Trevor Pinch, coauthor of Living in a Material World: Economic Sociology and Technology Studies asks an interesting question in the wake of the crash of Flight 1549 - what if we let pilots run banking?
There is an old joke about European national stereotypes getting switched by a befuddled Brussels bureaucrat planning a new Europe. Beforehand the Germans ran machines, the Italians love, the French food, the Brits the bureaucracy, and the Swiss multilingual proficiency. After the switch, the Germans ended up with bureaucracy, the Italians got to run the machines, the Brits food, the French multilingual education, and the Swiss were put in charge of love – a zero sum loss!
Seeing those thankful, shivering Bank of America executives on the wings of Flight 1549 in the Hudson reminded us that we all put our lives in the hands of other professions. The pilots saved the bankers and the other passengers on the stricken US Airways jetliner, but can the bankers save the pilots and the rest of us? Now no one in their right mind would let a banker anywhere near the controls of an Airbus A320, but what if the pilots got to run banking?

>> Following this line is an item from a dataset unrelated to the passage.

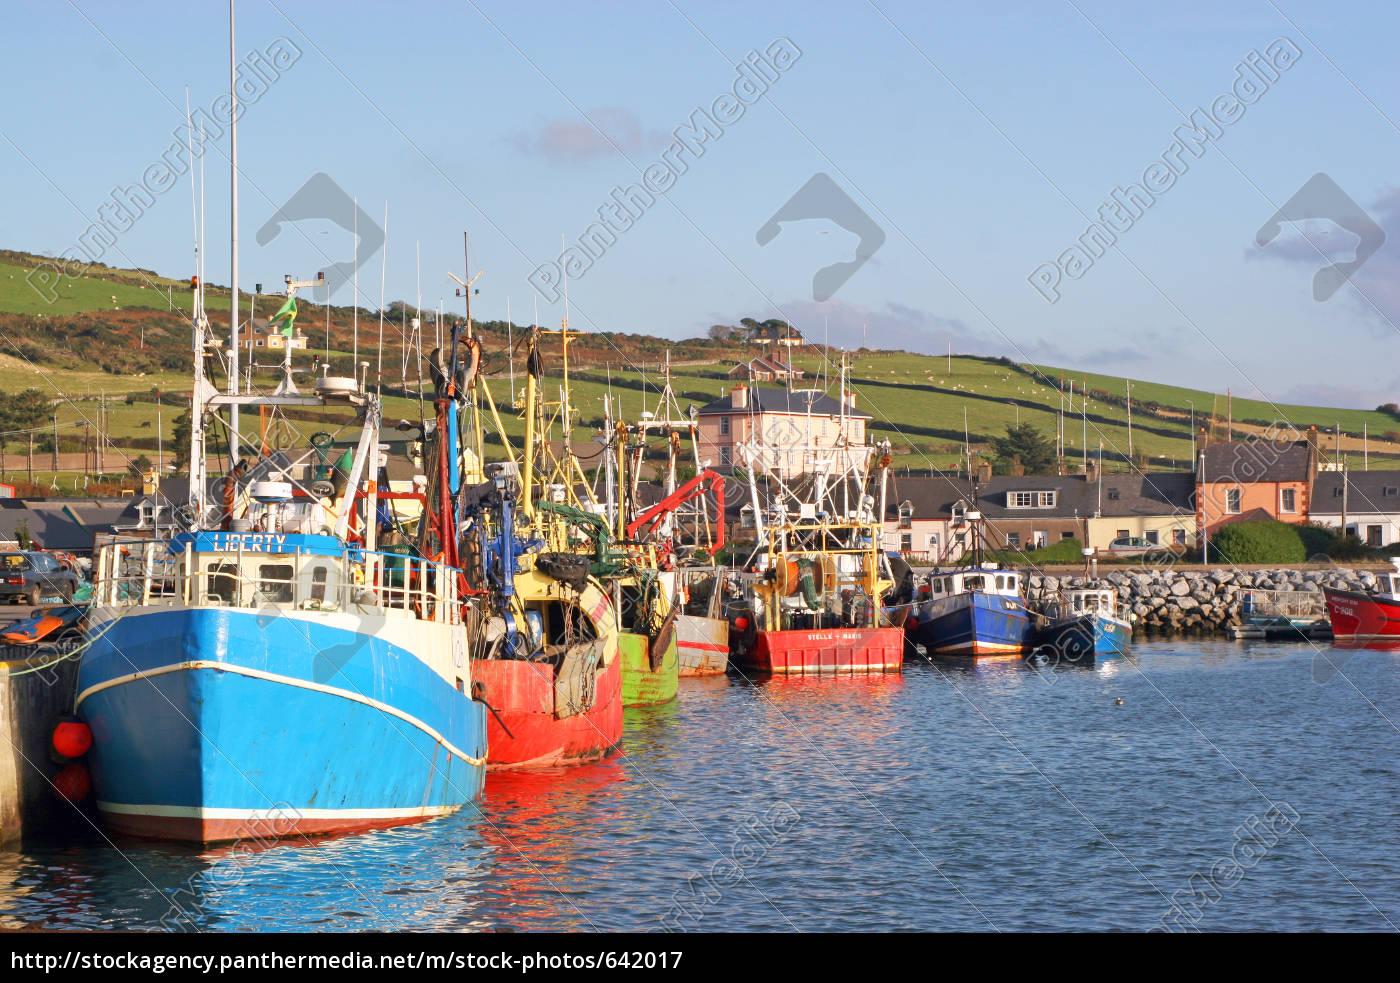 harbor, scenery, in, ireland - 642017

Air travel used to be one of the least-safe forms of travel – anyone remember the Comet? In a fifty year period this form of transport has been transformed into one of the safest known to mankind. How did this happen? Part of the change came from better technology, such as more reliable engines, better materials, and the like, and part came from better training for pilots and air-traffic controllers. But the key transformations were a new approach to making complex technologies reliable, and changes in regulation. And here there may be lessons for the banking sector.
The improvement in aircraft reliability came from the fledging new field of reliability engineering. This was first developed by Werner von Braun in the context of Second World War V2 rockets. Rocketry was notoriously unreliable and part of von Braun’s genius was to introduce ways around the problem of repeated failure Most of these techniques are taken for granted today: redundancy of components (if one fails, have a back up), introduce change conservatively (in the aircraft industry every new component has to be tested on a preexisting working technology - no massive change is allowed such as introducing a whole new technology such as with the space shuttle), and lastly, test, test, and test again.
And the aircraft industry tests for “black swans”, what Nassim Taleb calls those extremely unlikely events. One such “black swan” for air safety is engine failure from bird injection (in this case the suspected black swans were actually high flying Canadian geese!) At an FAA test facility several freshly killed chickens (live birds are hard to use) are fired at giant aero engines to see how they perform under different conditions. In other words the industry looks for the outliers and prepares for the worst case scenario. Studies have been made of what is ingested into aircraft engines: the list includes rodents, deer, turtles, oppossums and even alligators! .The pilots train for engine failure so if the black swan occurs they are prepared for that unlikely event. We still need to rely on human skill and a little bit of luck – nothing will prevent accidents entirely, but you want the odds on your side.